However, after Thomas set a high-water mark for tears, I studied up on the dreaded term colic. My wife asked me, “Do you think he’s got it? He’s been crying for over three hours.” Though I hated to admit it, the evidence was pointing in that direction–fed, burped, and diapered and he was still red-faced and screaming. 

I’ve since learned that, like the number of licks to the center of a Tootsie Pop, the world may never know what causes colic because doctors have thrown up their hands and given up on curing it. Now, they more or less give you a rain slicker and tell you to batten down the hatches. “It gets better,” they say, usually after week eight. And sure enough, it did. In fact, I wouldn’t consider Thomas a colicky baby. He had a collicky week in which neither pacifier, nor bottle, nor swing, nor rocking chair, nor sweet lullaby, nor pleading parent could separate him from the love of God-awful wailing. 

The Witching Hour

The witching hour, a colloquialism for the prefered hour in which a baby decides to go bonkers, usually started for Thomas around 5 pm. Thereafter, to hear Thomas tell it, he had more blues than B.B. King at a Memphis nightclub on a Friday night. He would wail away for hours, with us feeling as helpless as he actually was. And then, for reasons beyond our comprehension, he would just cease crying and then smile and act as happy as can be, as if he hadn’t just spent the last few hours practicing for the time in his life when he’ll have to pass a kidney stone. And then the next day, he would do it all over again. 

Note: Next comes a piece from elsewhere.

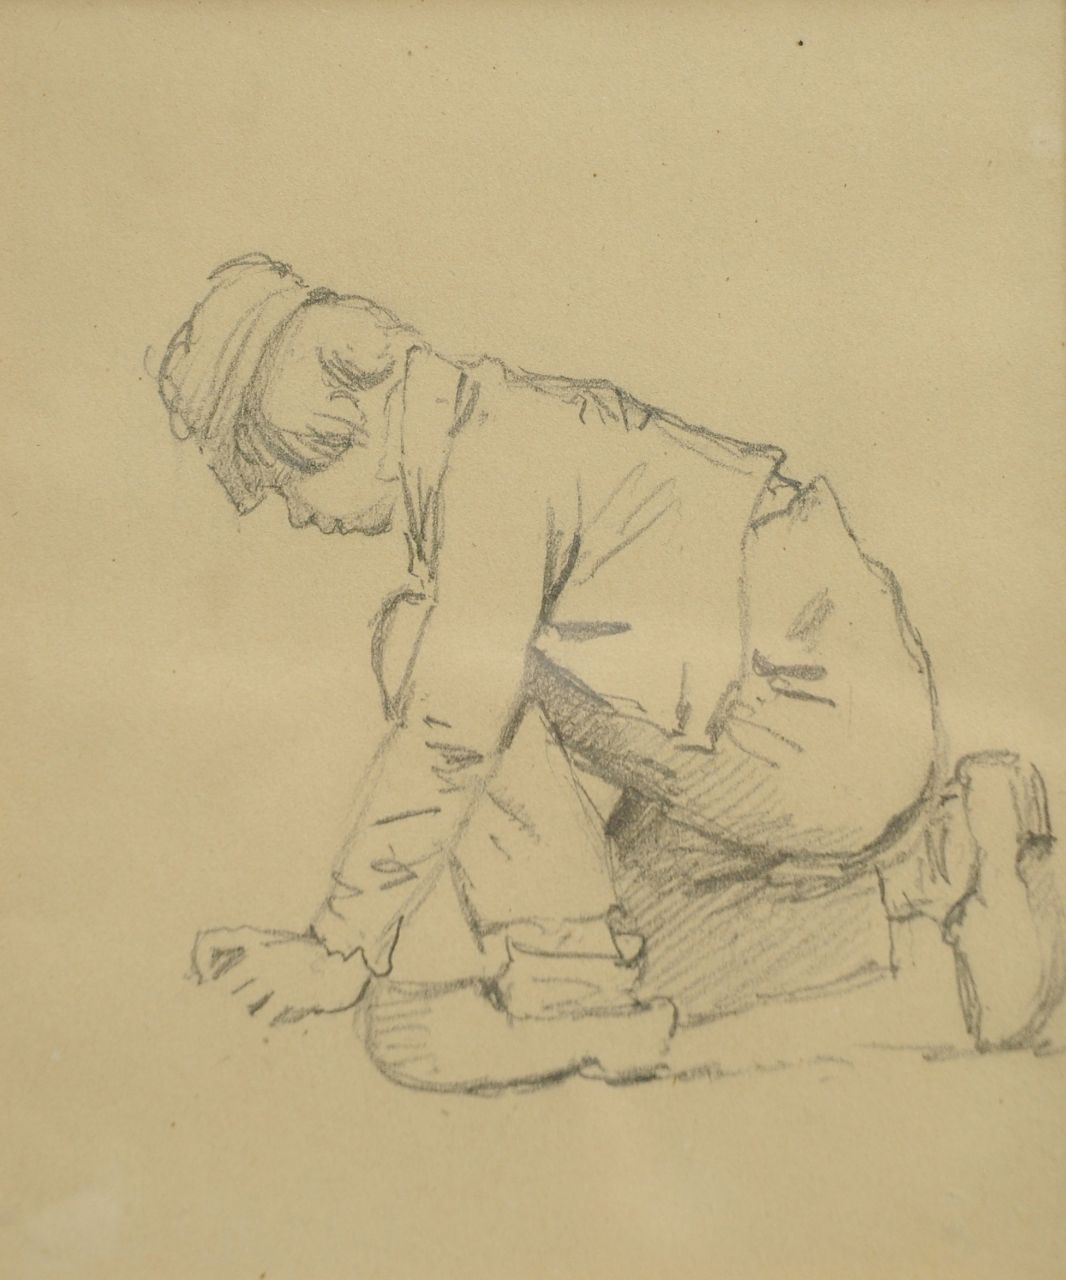 Koekkoek B.C.  | Barend Cornelis Koekkoek, Study of a country boy, chalk on paper 12.8 x 10.2 cm

This lasted for a week, though it felt like a good forty days and forty nights of continuous outbursts. And then, for no perceivable reason, the skies cleared, a rainbow appeared, and a dove descended with an olive branch, metaphorically speaking. 

This week, in fact, I’ve actually gone from daydreaming about dreams to actually dreaming. Last night I had an old recurring dream: I was being chased by tornadoes again. Usually, I classify this dream, in which menacing twisters follow me in my rear-view mirror, as a nightmare, but this time I got out of the car and walked up to the tornadoes and gave them a big hug, like I was welcoming home some long lost friends.